What is arthritis/ osteoarthritis?

Arthritis occurs when the cartilage encasing the bones, which aids fluent movement in the joint, is damaged, resulting in friction. Any joint in the body can be affected by arthritis.

Osteoarthritis, rheumatoid arthritis, big toe arthritis (hallux rigidus), midfoot arthritis and hindfoot arthritis are just some of the varieties of arthritis affecting the foot and ankle.

What causes ankle arthritis/osteoarthritis?

Some 70% of cases of foot and ankle arthritis are due to a previous injury. Other less common causes include rheumatoid arthritis, previous infection in the ankle joint, gout and rarely bleeding conditions such as haemophilia.

Ankle arthritis/osteoarthritis

Rheumatoid arthritis

An estimated 90% of people with rheumatoid arthritis (a chronic disease of the immune system), also suffer with ankle arthritis. Rheumatoid arthritis causes the joint’s lining to become inflamed and swell, resulting in permanent damage to the joint.

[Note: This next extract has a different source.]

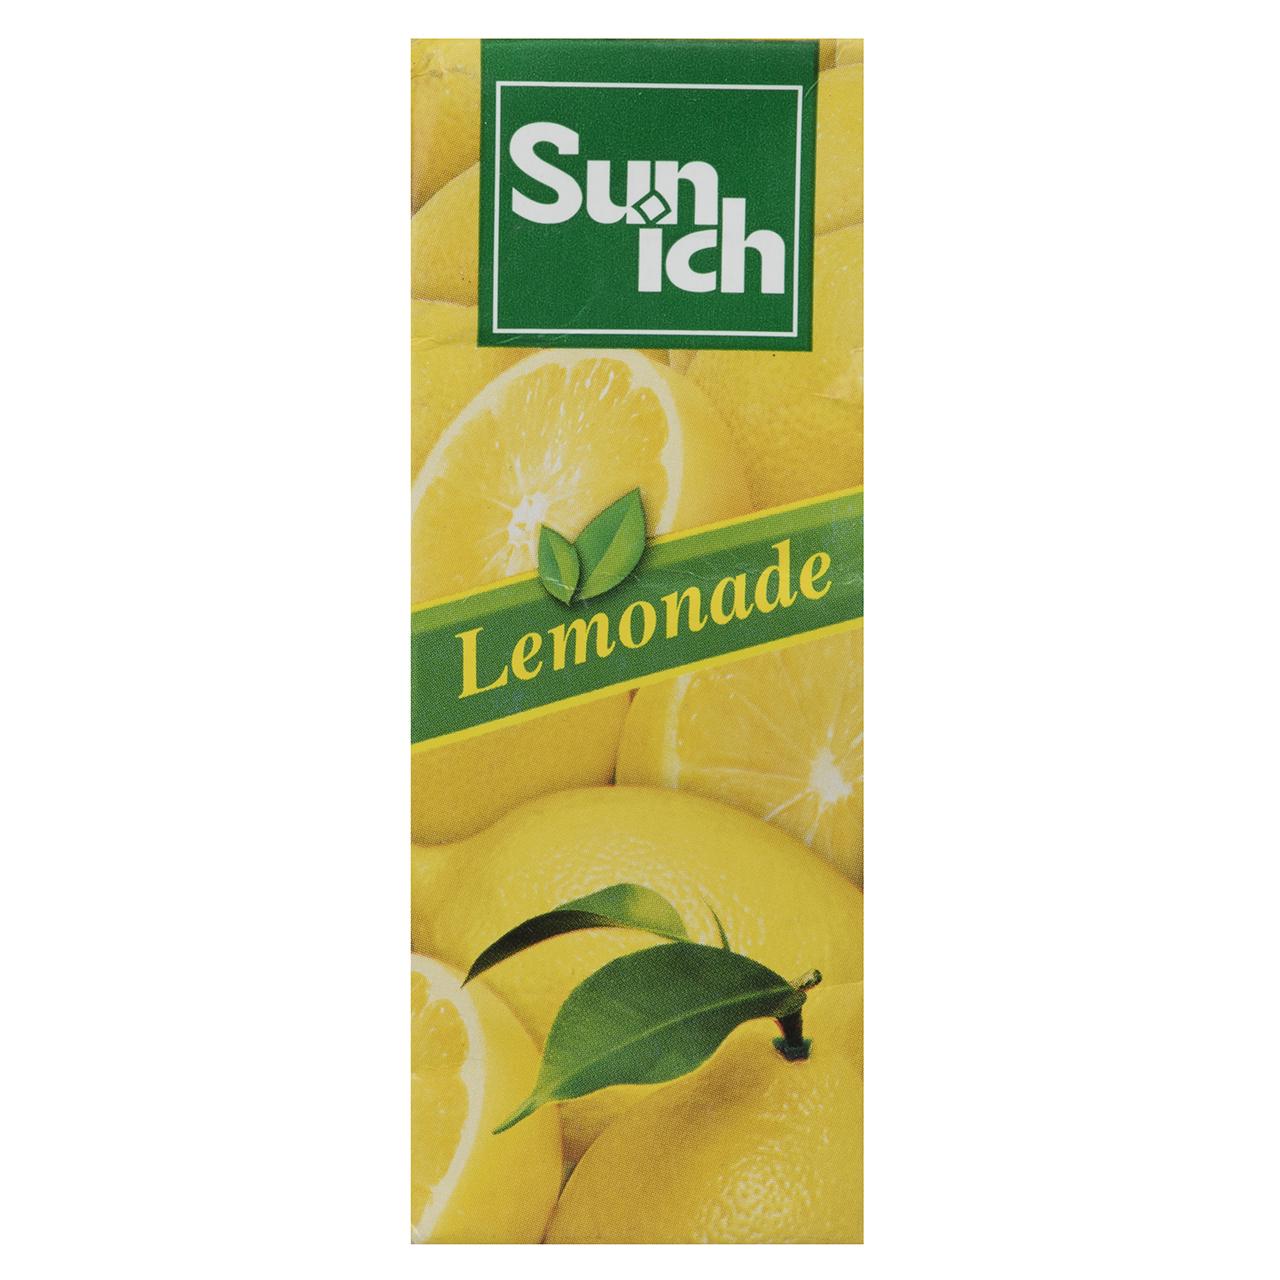 نوشیدنی لیموناد سن ایچ مقدار 200 میلی لیتر

Rheumatoid arthritis differs from osteoarthritis in that rheumatoid arthritis normally leads to swelling, stiffness and pain affecting the same joints in both feet. Symptoms can be experienced in the ankle, forefoot, midfoot, and hindfoot.

Big toe arthritis or hallux rigidus

Found in one or both feet, big toe arthritis is arthritis in the big toe’s metatarsophalangeal (MTP) joint. ‘Hallux’ means the big toe and ‘rigidus’, rigid or stiff, in Latin.

Hindfoot arthritis

The hindfoot starts just below the ankle joint and finishes at the Chopart joint. It consists of the ankle bone (talus) and heel bone (calcaneum).

Midfoot arthritis

The midfoot starts at the Chopart joint and finishes at the Lisfranc (tarsometatarsal) joint. It is made up of five bones: the cuboid, navicular, medial, intermediate and lateral cuneiform bones.